▶ [What is needed]
What is needed here is an exact printout of the data, with no pictures included.
═══ Data below
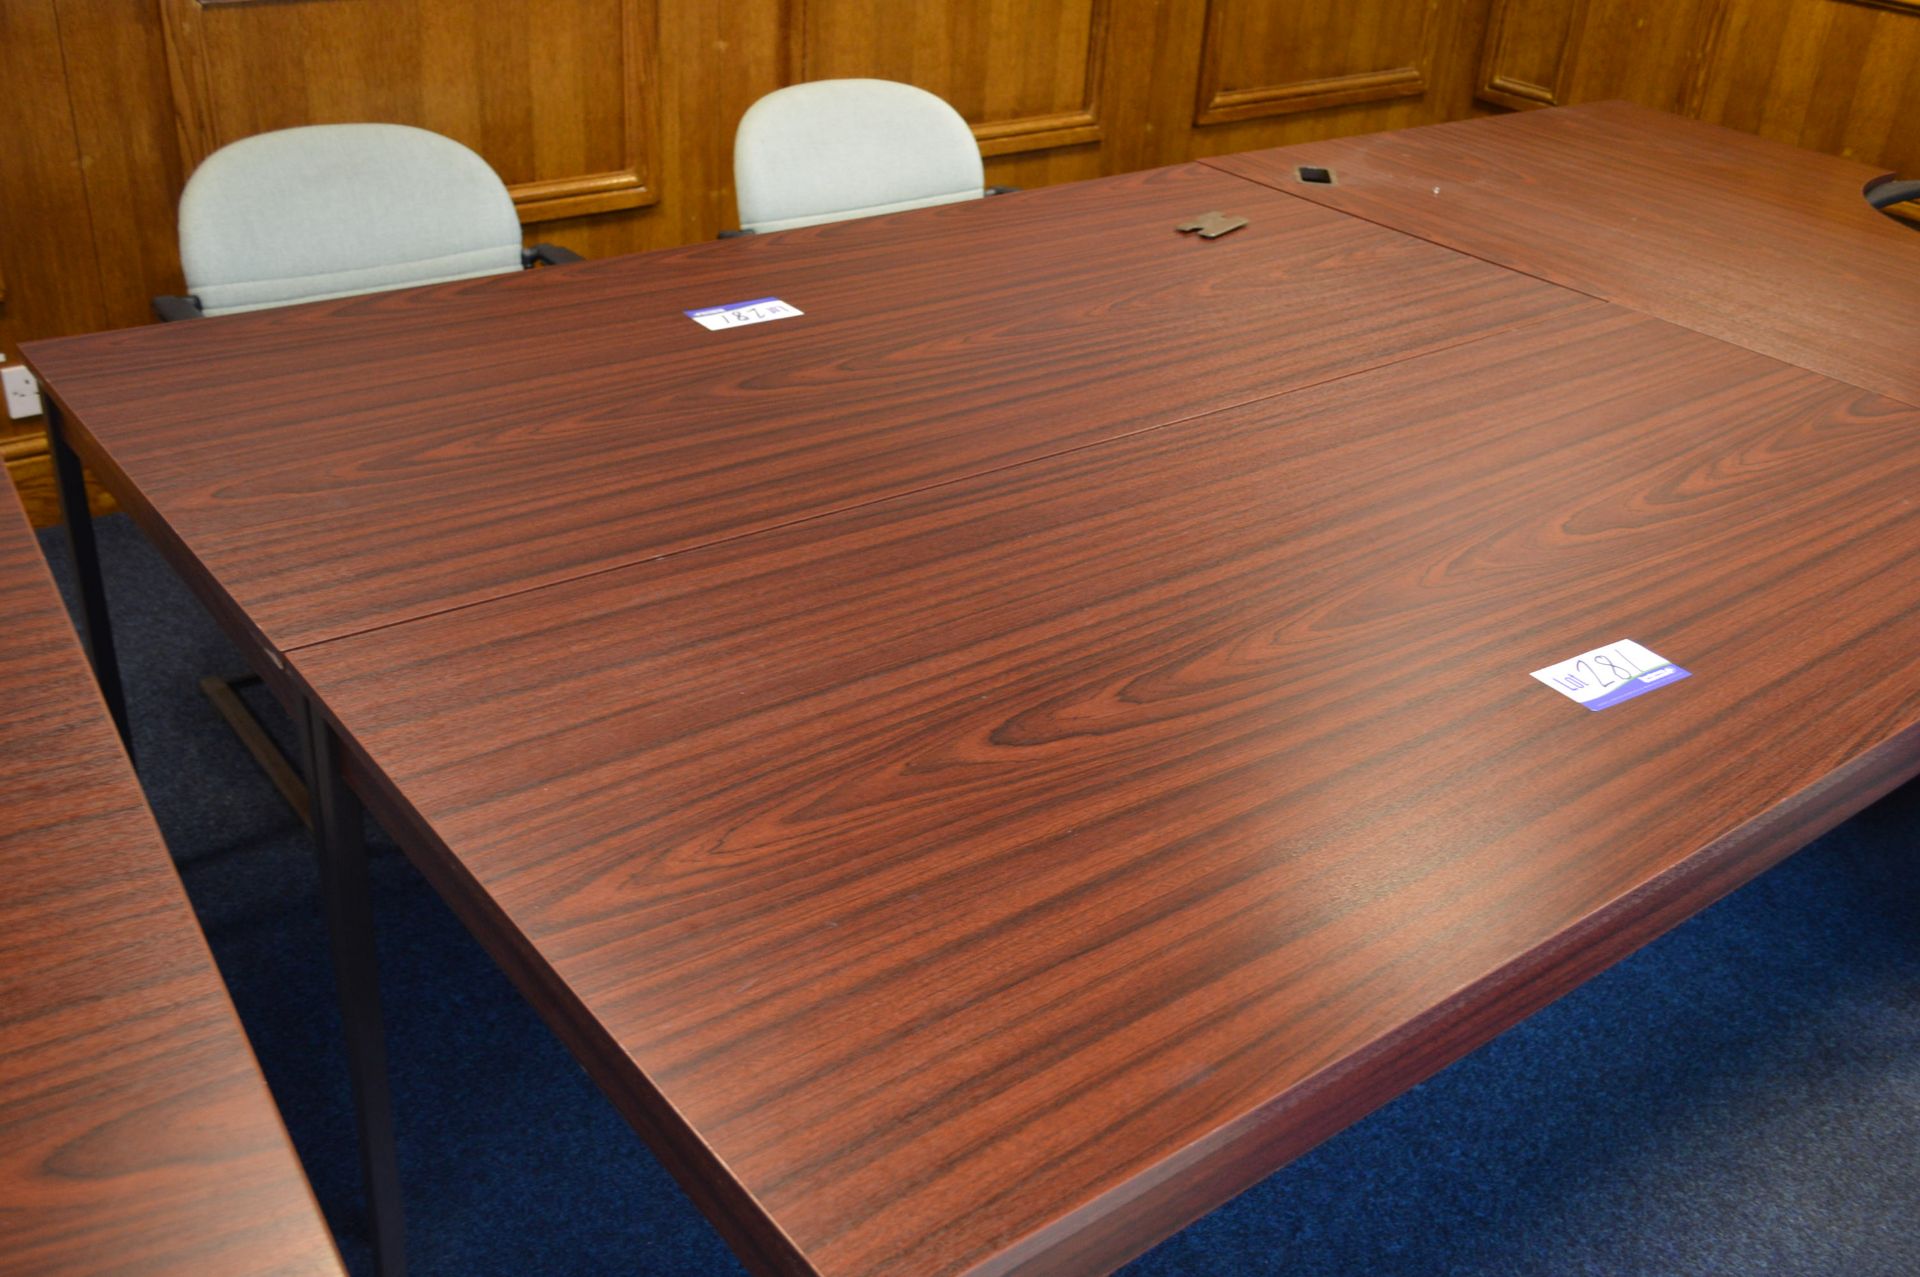 Two Office Tables, each 1.8m long
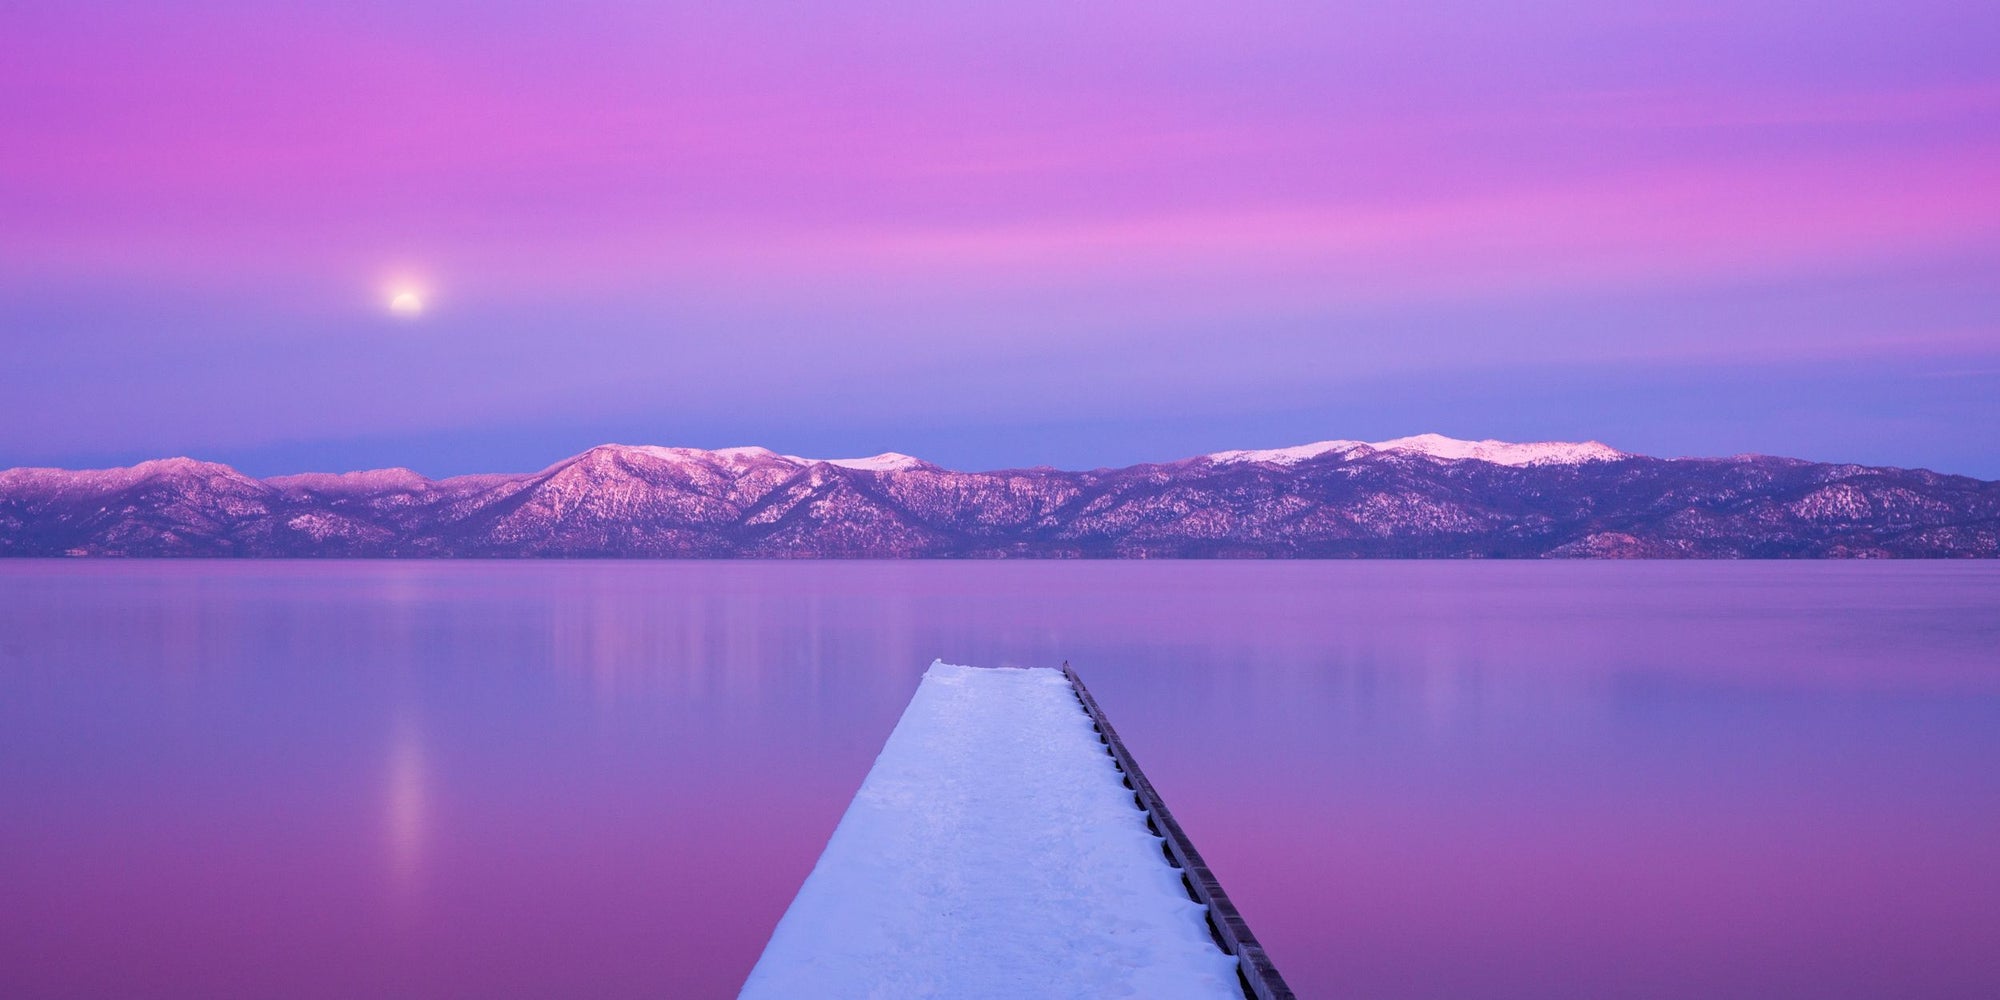 A snow covered dock juts out into Lake Tahoe as the sun sets and casts pink and purple hues across the landscape.
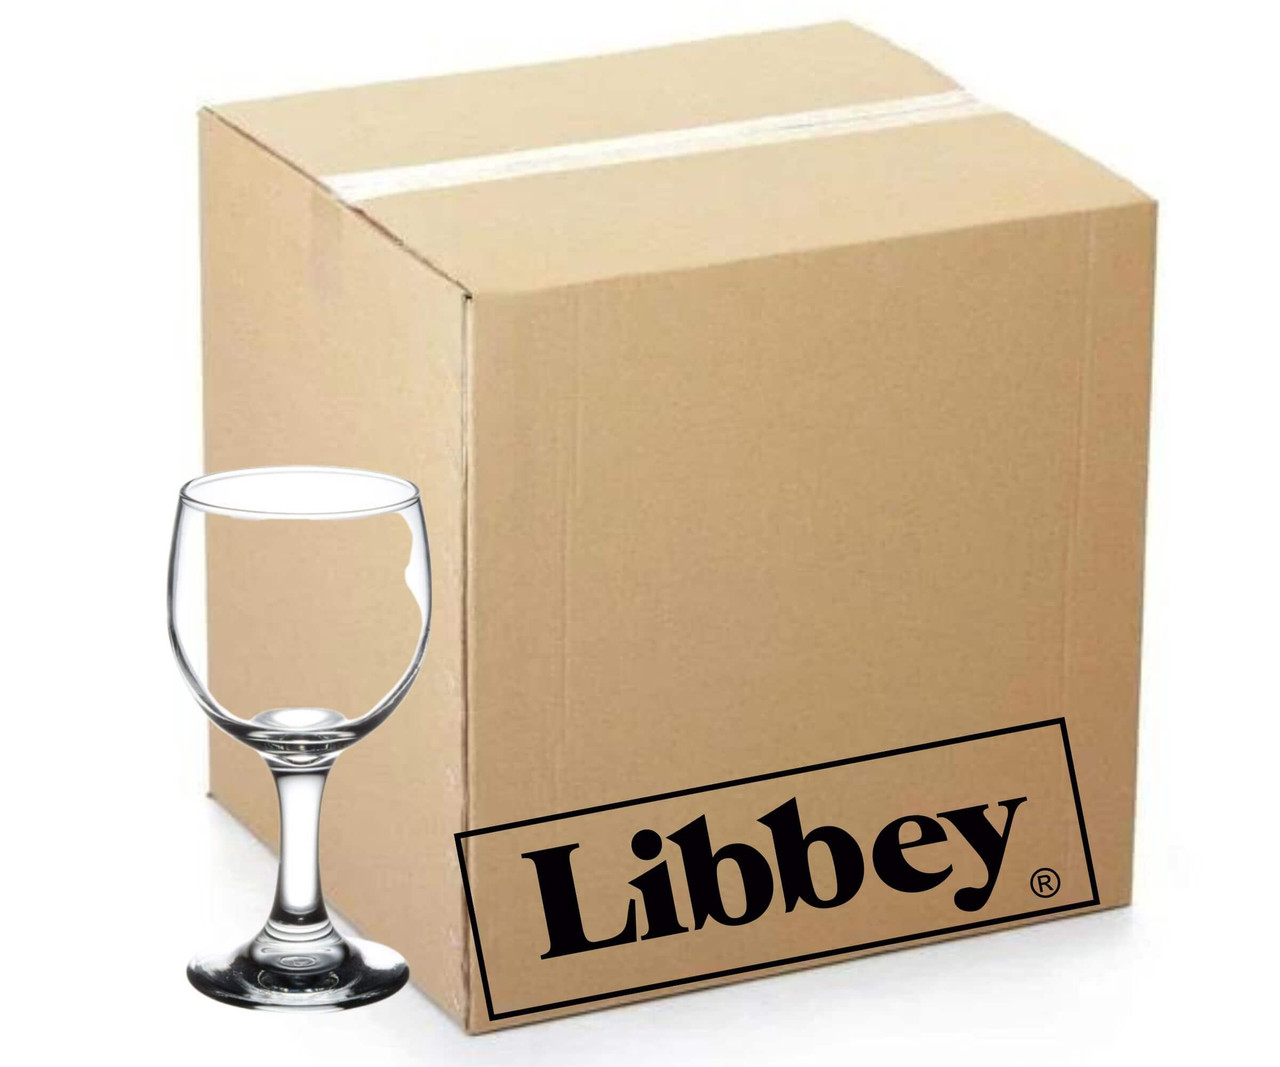 Libbey Embassy Set of 24 Chip-Resistant Wine Glasses - 6.5 oz.-Chicken Pieces
══════
▶ [Answer to the exercise]
 Two Office Tables, each 1.8m long
 A snow covered dock juts out into Lake Tahoe as the sun sets and casts pink and purple hues across the landscape.
 Libbey Embassy Set of 24 Chip-Resistant Wine Glasses - 6.5 oz.-Chicken Pieces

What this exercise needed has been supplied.